«За
В семье Глаголевых с нетерпением ждали второго ребенка, и вот родилась Сашенька – девочка с тяжелым генетическим заболеванием – синдромом Эдвардса. Девочке сначала давали несколько дней, месяцев жизни, потом год… Сейчас ей два годика. От таких детей нередко отказываются, в том числе и потому, что за ними требуется серьезный уход. Но это не про родителей Сашеньки. Ее мама, Екатерина Глаголева, рассказала, как они приняли известие о ситуации с их ребенком, как учились заботиться о малышке, как реагировали близкие и знакомые. И просто – как они с мужем учились жить, с благодарностью проживая каждый день, а не беспрерывно ожидая самого худшего.

В роддоме…

На самом деле, о том, какая Сашенька, первым узнал муж. Днём, в двенадцать тридцать, мне сделали операцию – кесарево сечение, а в час муж приехал в роддом. Назвал фамилию, его почему-то сразу пустили. Мне, отходившей от операции, чтобы не расстраивать, он смог сказать только: «Она маленькая, беззащитная». Потом, в десять часов вечера, когда я уже сама смогла дойти до реанимации новорожденных, все узнала сама.

Когда я увидела, какая Сашенька маленькая – 1400 граммов, 41 сантиметр, и что у нее нет ушка, я чуть не упала в обморок. Да и заведующая отделением не в «мягкой форме» говорила мне о Саше и показывала ее…

На второй день, после УЗИ, стало ясно, что в головке все плохо, в сердце все плохо, с почками плохо, в легких тоже ужас полнейший.
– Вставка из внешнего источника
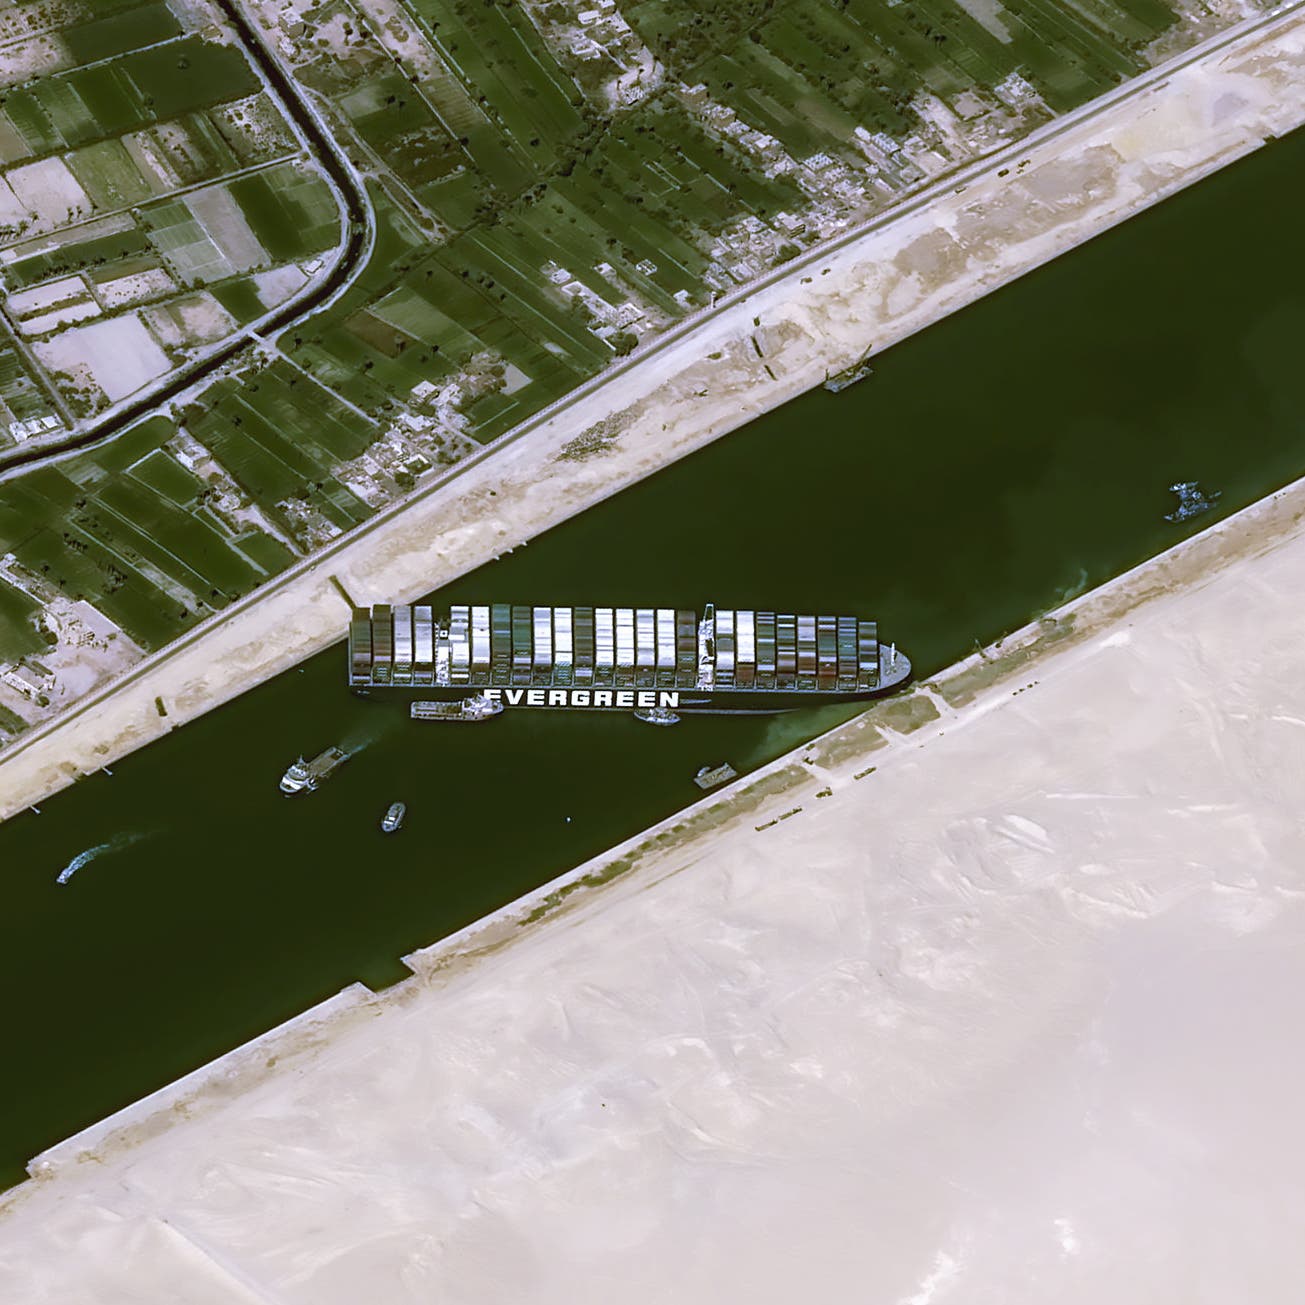 Strong winds not main reason for huge ship stranding in Suez Canal: Chairman

Заведующая реанимации сказала: «Такие множественные пороки – это, скорее всего, генетика». Мы были шокированы – какая генетика, у нас же есть здоровый ребенок, в роду никогда не было подобных проблем?!

Нам объяснили, что дети с генетическими проблемами появляются не только из-за наследственности. Мутация в генах происходит в независимости от того, какая у кого предрасположенность. Нам пришлось экстренно делать операцию Саше на сердце даже в стенах роддома – у малышки было такое огромное овальное окно в сердце, что она в принципе не могла существовать с ним дальше и ей чуть-чуть его «прикрыли» во время операции.

Вообще, вся эта ситуация была шоком. Одно дело, когда тебе говорят, что твой малыш болен еще во время беременности, и ты, наверное, морально понимаешь, что ничего хорошего после рождения не будет. А тут все вроде бы в порядке, ты готовишься к новому члену семьи, с трепетом ждешь знакомства, покупаешь первый крошечный гардероб, придумываешь, как будет проходить встреча у роддома и так далее. Вся родня суетится, в семье давно не было малышей и все в ожидании крошки.

И вдруг – все так страшно!

«За что это вам?» или «Саша будет с вами»

«За что это вам?», – такой вопрос был у многих родственников, и у близких друзей. Кто-то напрямую даже спрашивал: «Что же вы такое сделали, за что вас так Бог наказал?» и это все было в период, когда мы и сами-то не разобрались со своими: «Почему, зачем, за что?!»

Родственники, вспоминая мою благополучную беременность, говорили: «А, может, вам ребенка подменили? Такое случается».

В течение первого года нам вообще было трудно обсуждать что-либо с посторонними, немногие знали, что у нас в семье происходит. Я была растеряна, не знала, как самой проживать случившееся. К тому же непонятна была перспектива Сашиной жизни: то речь шла о днях, то о месяцах, полгода. Потом сказали, что это просто может произойти в любой момент, но максимум — год.

Обсуждать эту тему, такую личную, не хотелось ни с кем. На работе нюансов не знали, но были в курсе, что дочка побывала в реанимации. Коллеги спрашивали, как дела, искренне желали добра. Говорить о реальной картине я не видела смысла.

И вот, мы отметили Сашин первый день рождения. И пошли дальше. Страх разлуки с Сашей никуда не ушел, но появилось понимание и принятие факта болезни и ситуации в общем.

Мне понадобился год, чтобы я смогла говорить о Саше. Я рассказала обо всем коллеге по работе. Первый раз открылась чужому человеку. Мне показалось вдруг очень нечестно – молчать. Она, поздравляя с днем рождения Саши, стала желать то, что обычно желают. На что я ответила: «Ты знаешь, а у нас дела обстоят вот так. Может быть, лучше не будет, но мы все равно счастливы».

Да, в ответ была пауза, человек был явно шокирован. Но потом, после, я не услышала: «Какой ужас, какое несчастье!». Вместо этого коллега сказала: «Вы молодцы, я верю, Саша будет с вами».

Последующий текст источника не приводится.